Wilson relied on his reputation in the industry to find the developers who could make these games. “I went to the [creators] that I personally knew were working on games in a […] beneficial way and looking at the industry in a progressive way as well,” he said. “It was just one conversation at a time with old friends and people I respect.”
Wilson quickly found that there wasn’t anything to pitch, really. The basic idea of creating a pipeline for therapeutic games to be formally, federally recognized as such was an instant winner among devs.
Kate Edwards, former executive director of The Global Game Jam and the Independent Game Developers Association was one of those who were easily won over. “I’m like, just stop. I’m in. I’m in,” she recalls saying to Wilson as he made the pitch. “I think for a lot of us in this industry, we already know this or we already implicitly feel [that games can have therapeutic value]. So now, this is a way to elevate the truth of it in the medium we’ve been working in for decades,” she said.
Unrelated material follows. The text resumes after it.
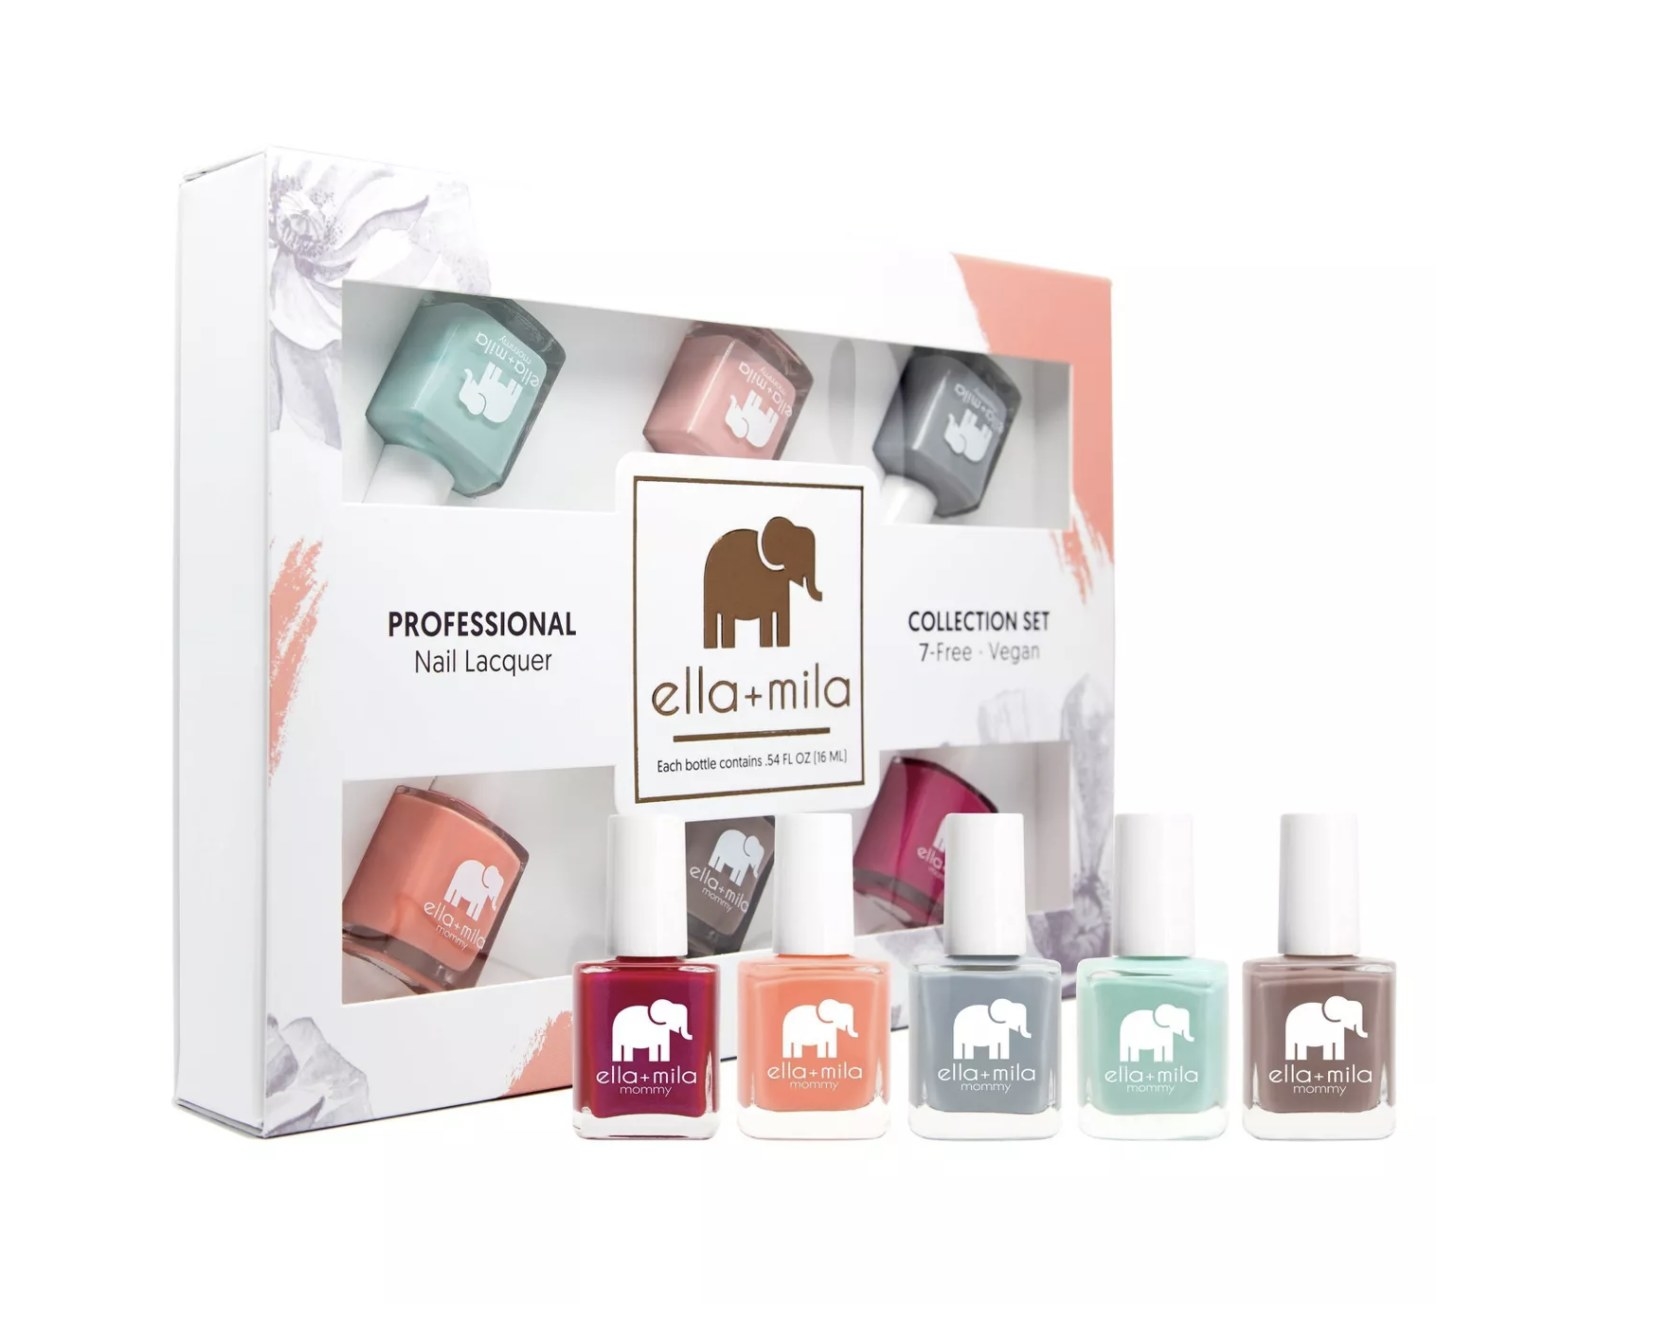 Nail polish packaging and six bottles of polish in red, orange, gray, aqua, and brown

A much bigger obstacle than attracting developers is the problem of how games are viewed in the mainstream. “I don’t think we’re under any illusion that what we’re doing is completely disconnected from an overall perception of games that we know is still a bit challenging in some circles,” Edwards said. “Part of the reason why I was so excited to join this is because I do think that this is a really solid, science-based way to elevate that whole conversation.”
“I feel like the only people using the science right now are using it in nefarious ways,” Wilson said. There are so many games out there that employ predatory strategies that exploit player psychology to turn a profit. “That would be a real shame, if that was the whole story of the study of psychology in video games.”
The long road ahead
DeepWell is a child of the pandemic, and the work of building it has only just begun. The global fight against COVID-19 is thought to have eased the strain of certain bureaucratic processes at the FDA, but there’s no guarantee those changes stick for the long term.
DeepWell may still be in its early stages, but the journey the two founders have been on so far is instructive. An enormous curiosity gap exists for the general public between the basic pitch of “medicinal entertainment” and games receiving actual FDA approvals, and a path to understanding exactly how games quite literally could end up becoming something the doctor ordered is woven right into DeepWell’s compelling origin story.